England’s upcoming local elections will be the first in which voters are required to show photographic ID to cast a ballot.

Nearly two million people are at risk of losing their voice as a consequence of this change.

The latest figures reveal that just 50,000 people have applied for the Government’s free form of photo ID so far.

Introducing mandatory voter ID was always a shameless effort to try and buy an advantage at the next election at a cost of £180 million to the public.

All the signs so far suggest it is working exactly as the Tories intended.

The principle of universal suffrage is a baseline of any democratic system.

Sadly, we now have a Government which is undermining this principle, picking and choosing whose voices are heard.

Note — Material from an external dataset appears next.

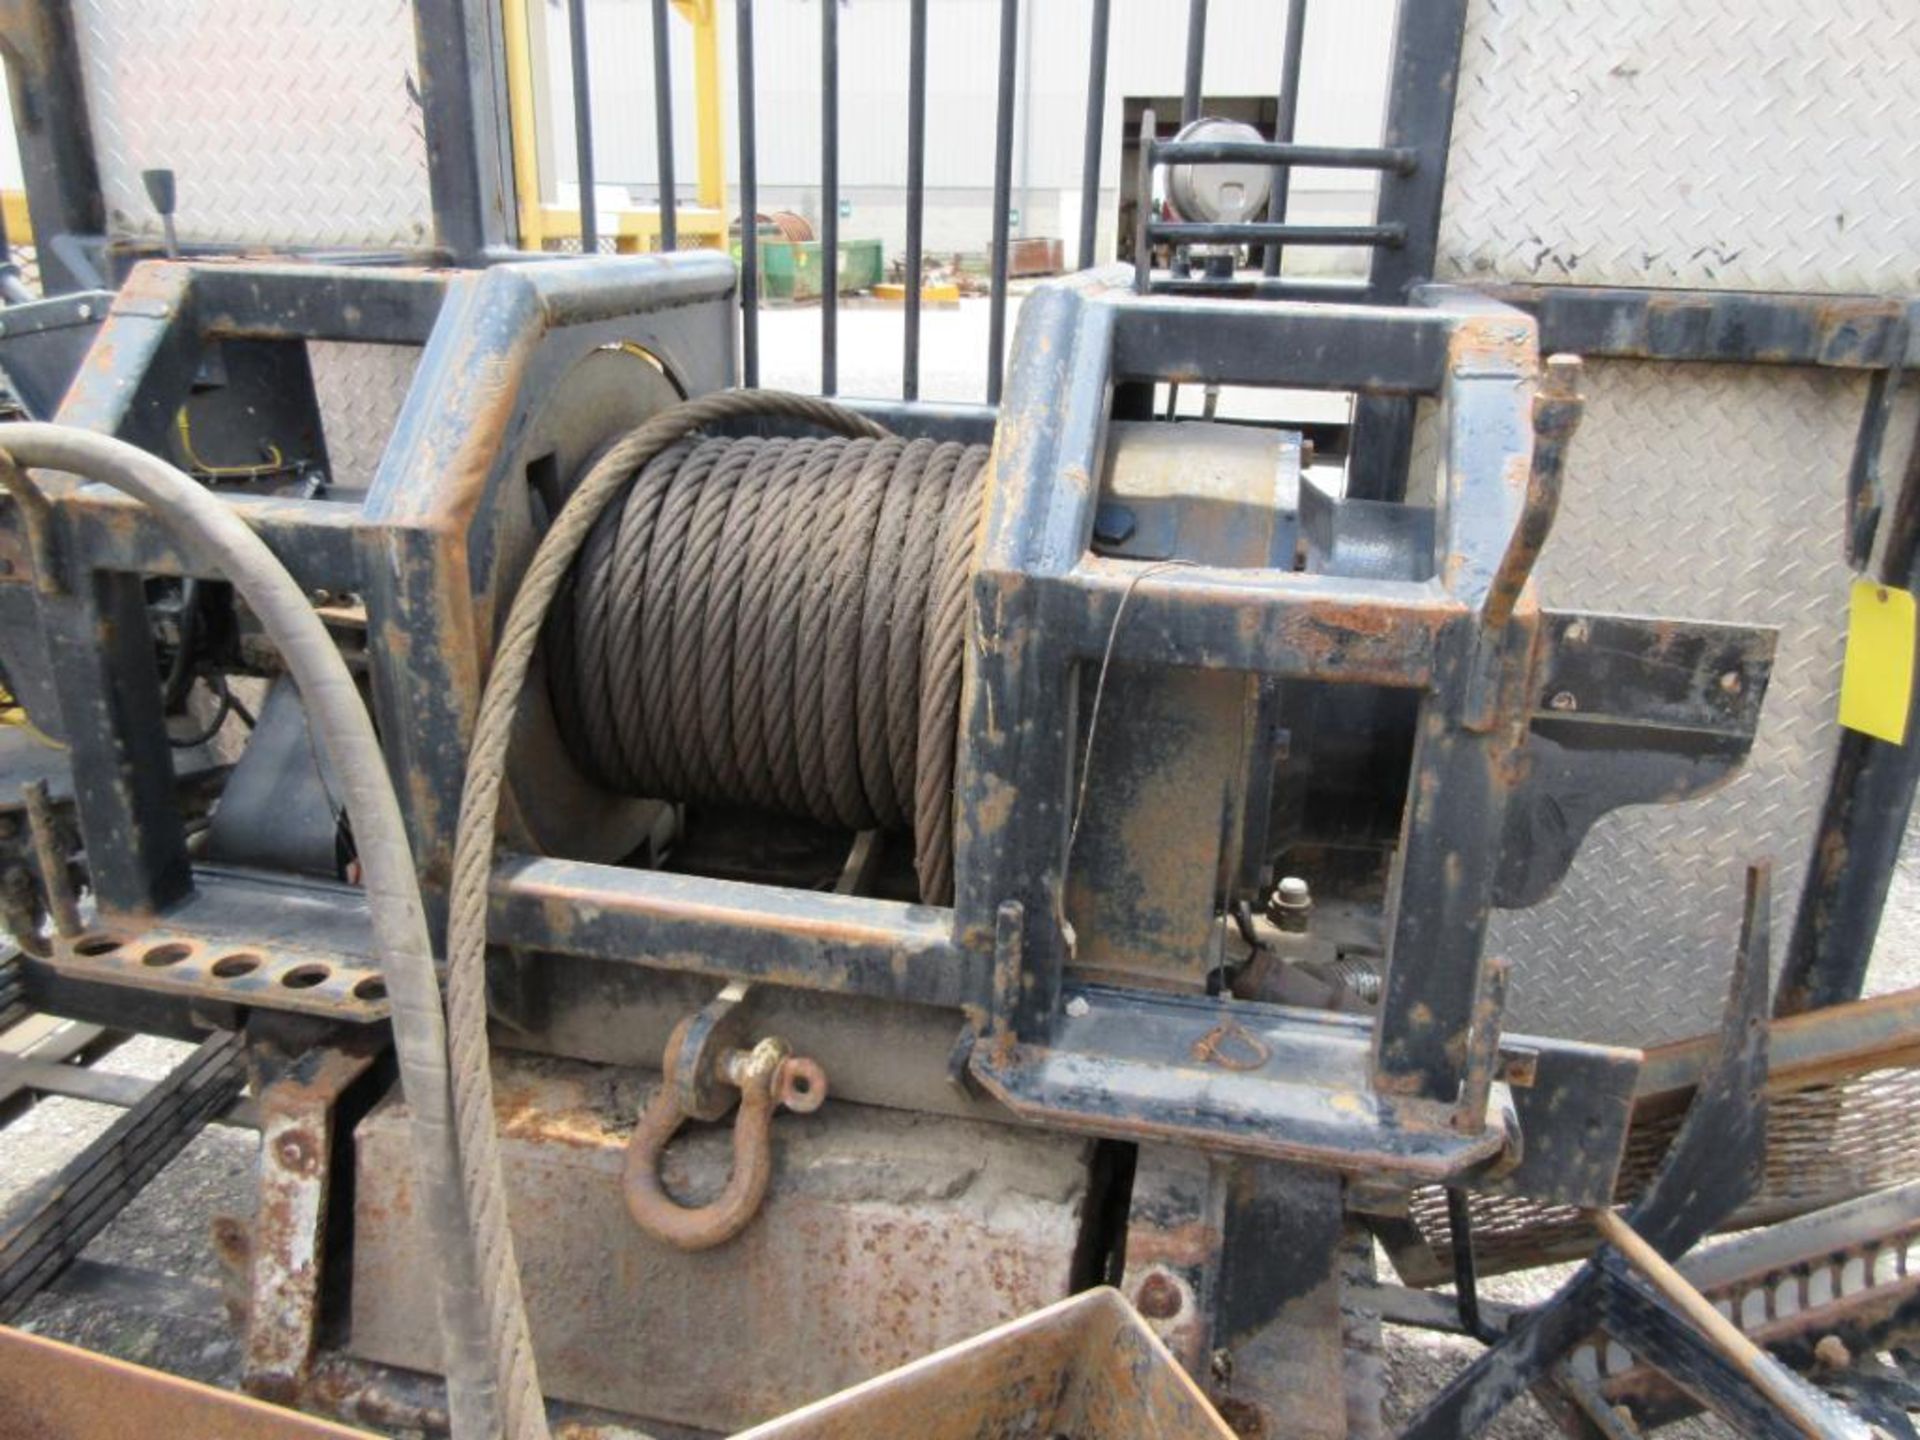 TULSA 80,000 LB. RUFNEK ROLL OFF WINCH, 1 1/4'' DIA. BRAIDED CABLE, DIAMOND PLATE CAB SHIELD - Image 2 of 4
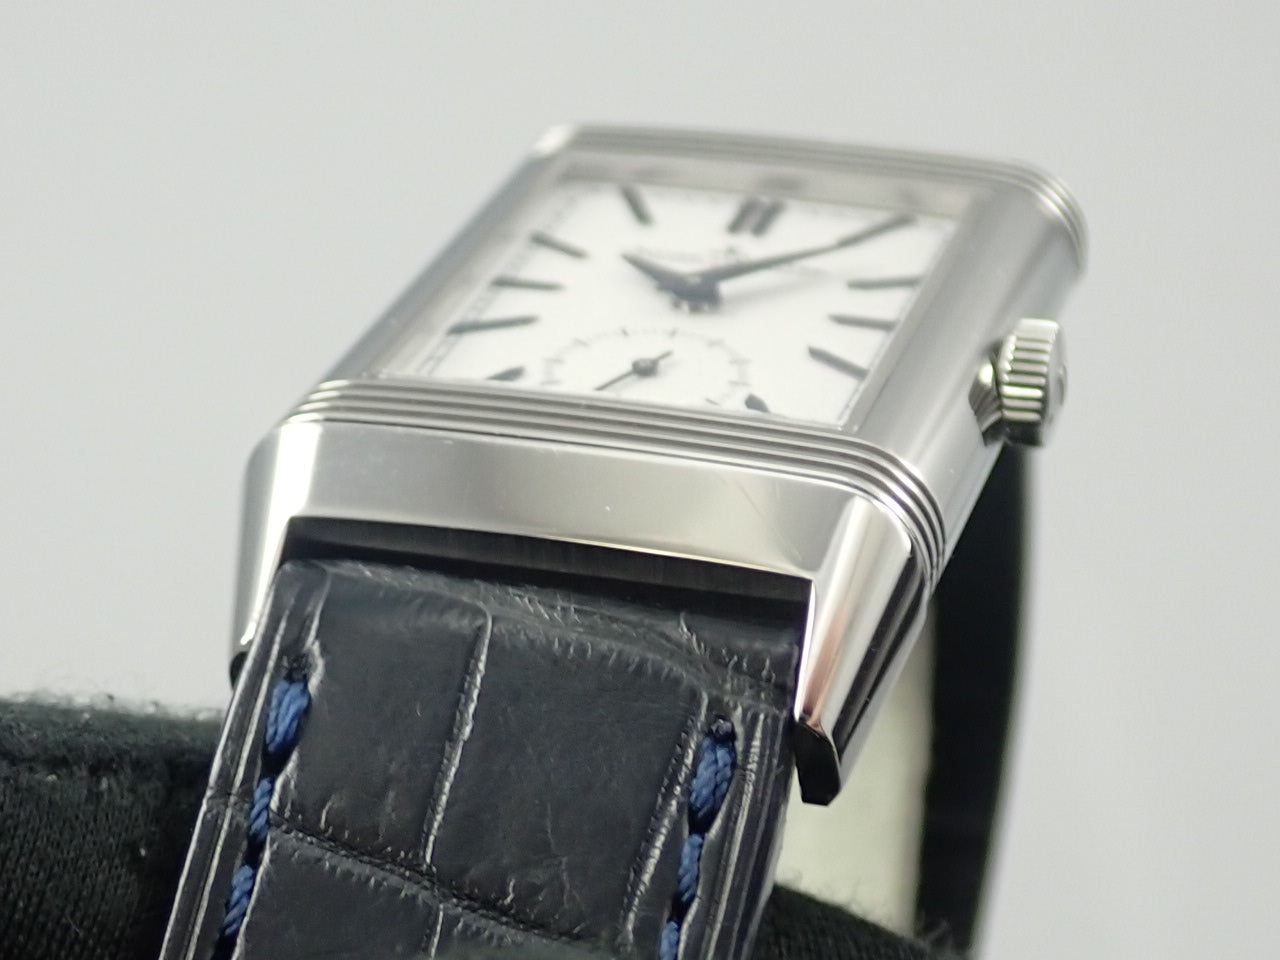 Jaeger-LeCoultre Reverso Tribute Duo &lt;Warranty Box and Others&gt;

All the evidence suggested that bringing in compulsory photo ID for elections would pose substantial barriers to lower income voters, people of colour, trans people and the young in particular.

The government’s final list of acceptable IDs notably excludes several forms of ID freely available to young people.

If democracy is going to work for everyone, it has to include everyone.

We should be working to expand participation among under-represented groups in our political system and exploring ways to increase turnout: whether it’s extending the vote to younger people, automatic voter registration, or same day voting.

Voter suppression from governments is always a sign of fear and weakness.

It shows a lack of confidence that their policies can win over a genuine majority of the country. One excuse the Government parrots is the idea of “countering fraud”.

Just one person was cautioned for electoral fraud last year.

The idea that one case of voter personation is a bigger issue than millions being deprived of a voice is a joke.

People have confidence in the integrity of our electoral system.

They don’t have confidence in the integrity of this Government. That’s the real reason we’re seeing this attack on the right to vote.

Just last week, we saw a Tory MP caught in a Times sting offering to do a gambling company’s bidding.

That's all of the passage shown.